Geheimnis des Glaubens, im Kreuz ist Leben

Die alte Frau zeigt auf das Kreuz und sagt: „Der da, der versteht mich.“ Da besuchst du eine Schwerkranke, versuchst sie zu trösten, machst ihr Mut und möchtest Ihr die Krankenkommunion reichen. Sie hört mir zu, unterbricht mich seufzend, zeigt auf das Kreuz neben ihrem Bett und sagt diesen Satz: „Der da, der versteht mich.“ Ich habe lange gebraucht und oft über dieses Wort nachgedacht, bis ich die Botschaft, die dahinter steckt, endlich verstanden habe. Auch wenn ich noch so sehr versuche einfühlsam zu sein, ich trete als Gesunder an das Krankenbett und ich verlasse es auch wieder als Gesunder. Der ohnmächtige Jesus in seinem Schmerz, er ist der kranken Frau wirklich nahe.

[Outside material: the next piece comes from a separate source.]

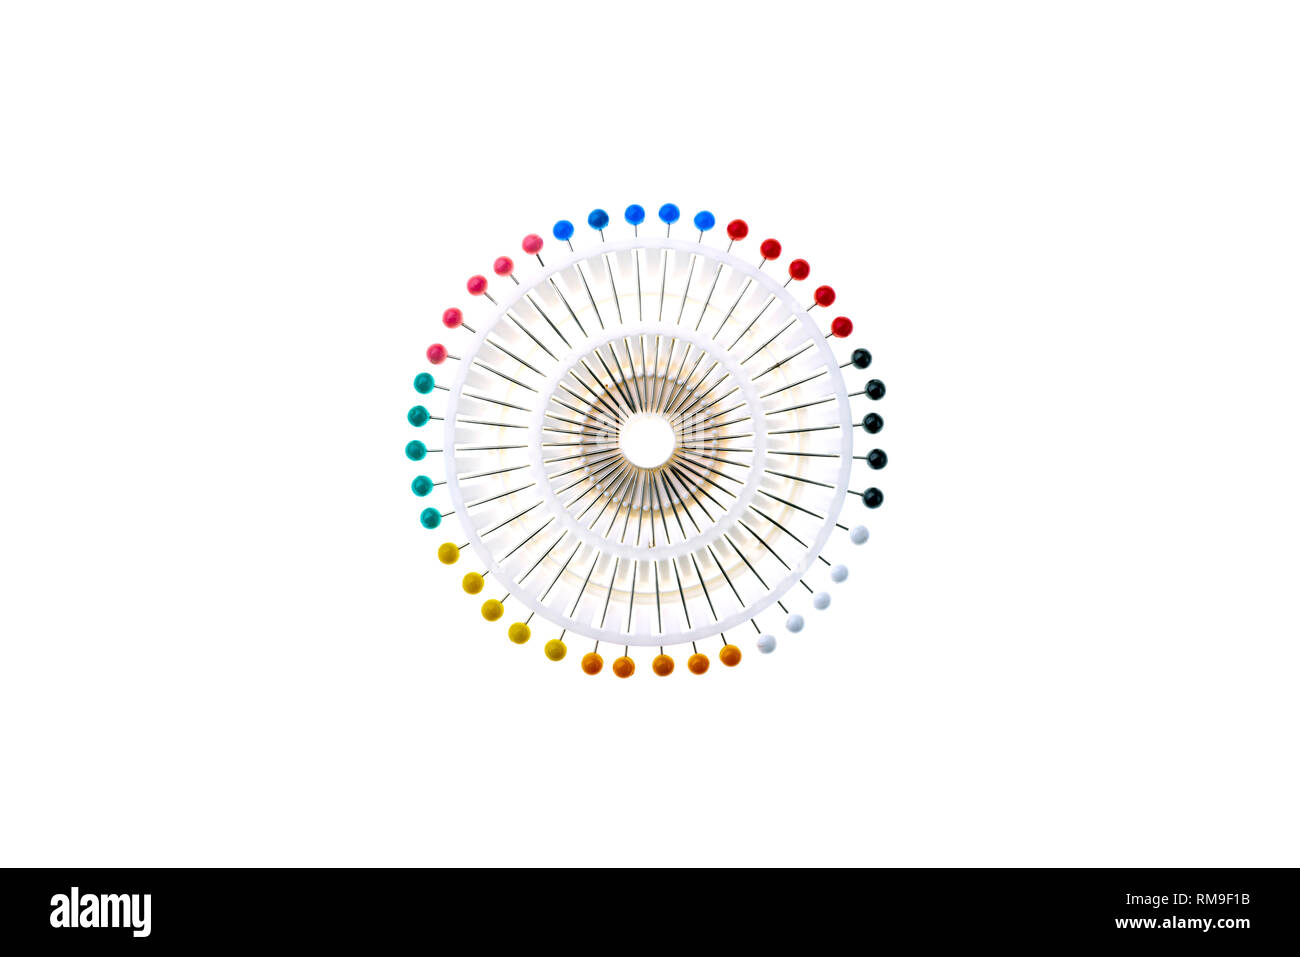 Ensemble de tête ronde colorée ou berry pins, dans un support en plastique blanc formant une image abstraite. Banque D'Images

Der leidende Jesus, der Schmerzensmann, er steht heute am Karfreitag vor uns. „Mit lautem Schreien und unter Tränen“, wie es im Hebräerbrief (5,7) überliefert ist, hat der Herr Gebete und Bitten vor Gott gebracht. Ja dieser Jesus ist der kranken Frau wirklich nahe. Auch für Jesus gab es keinen Weg vorbei am Leid, am Schmerz, an der Entwürdigung, auch nicht vorbei am Tod. Der Herr hat diesen unmenschlichen Weg in den Tod auf sich genommen. Nur durch den Tod hindurch, ist ein Weg über den Tod hinaus. Auf der „Schädelhöhe“ hängt er hilflos am Galgen seiner Zeit – am Kreuz.

„Seht das Kreuz, an dem der Herr gehangen, das Heil der Welt. Kommt lasset uns anbeten.“ Das Kreuz ist das Zeichen für uns Christen und für unseren Glauben. Nicht, weil es ein schönes Schmuckstück ist, oder weil es unsere Wohnung so schön ziert, nein, weil es der Dreh und Angelpunkt unseres Glaubens ist. Im Kreuz ist das Leben.

Liebe Schwestern und Brüder, in meinem Stundenbuch habe ich ein Bild, das Johannes Paul II zeigt; in den Händen trägt er seinen Hirtenstab, der nicht mit einer Krümmung, sondern mit einem Kreuz versehen ist. Um so älter der Papst wurde, um so mehr konnte man den Eindruck gewinnen, dass er mit diesem Kreuz verwachsen sei. Manchmal hatte ich den Eindruck, dass nicht nur er das Kreuz hielt, sondern auch umgekehrt das Kreuz ihn. „Er hält das Kreuz und der Gekreuzigte hält ihn“. Das ist für mich die verborgene Wirklichkeit des Glaubens an Jesus, die befreiend in unser Leben hineinreicht. Wenn uns die Arme schwer werden und, wie wir es in diesen Tagen durch den Corona Virus erfahren, das Leben zur Belastung wird. Wenn die Sorgen zu groß sind, die Herausforderungen zur Überforderung, die Ängste zu stark werden, weil wir nicht wissen und einschätzen können, was noch kommt, dann ist Jesus für uns da, um uns festzuhalten.

Martin Luther soll einmal gesagt haben: „Entweder hängen uns die Sorgen am Hals, oder sie hängen mit Jesus am Kreuz.“ Weil der Gekreuzigte der Auferstandene ist, dürfen wir uns jeden Tag und bei allem, was auch kommen mag, mit unserem Herz und Leben an ihn hängen. Vertrauen wir darauf, dass er, als unser Bruder, auch in diesen schweren Tagen an unserer Seite ist, damit auch wir sagen können: „Der da, der versteht mich!“

In der Hoffnung, dass wir uns bald wiedersehen, grüßt Sie herzlich, Ihr Diakon Rudolf Schmitz und wünscht Ihnen einen besinnlichen Karfreitag und Gottes Segen und Schutz in diesen schweren Tagen.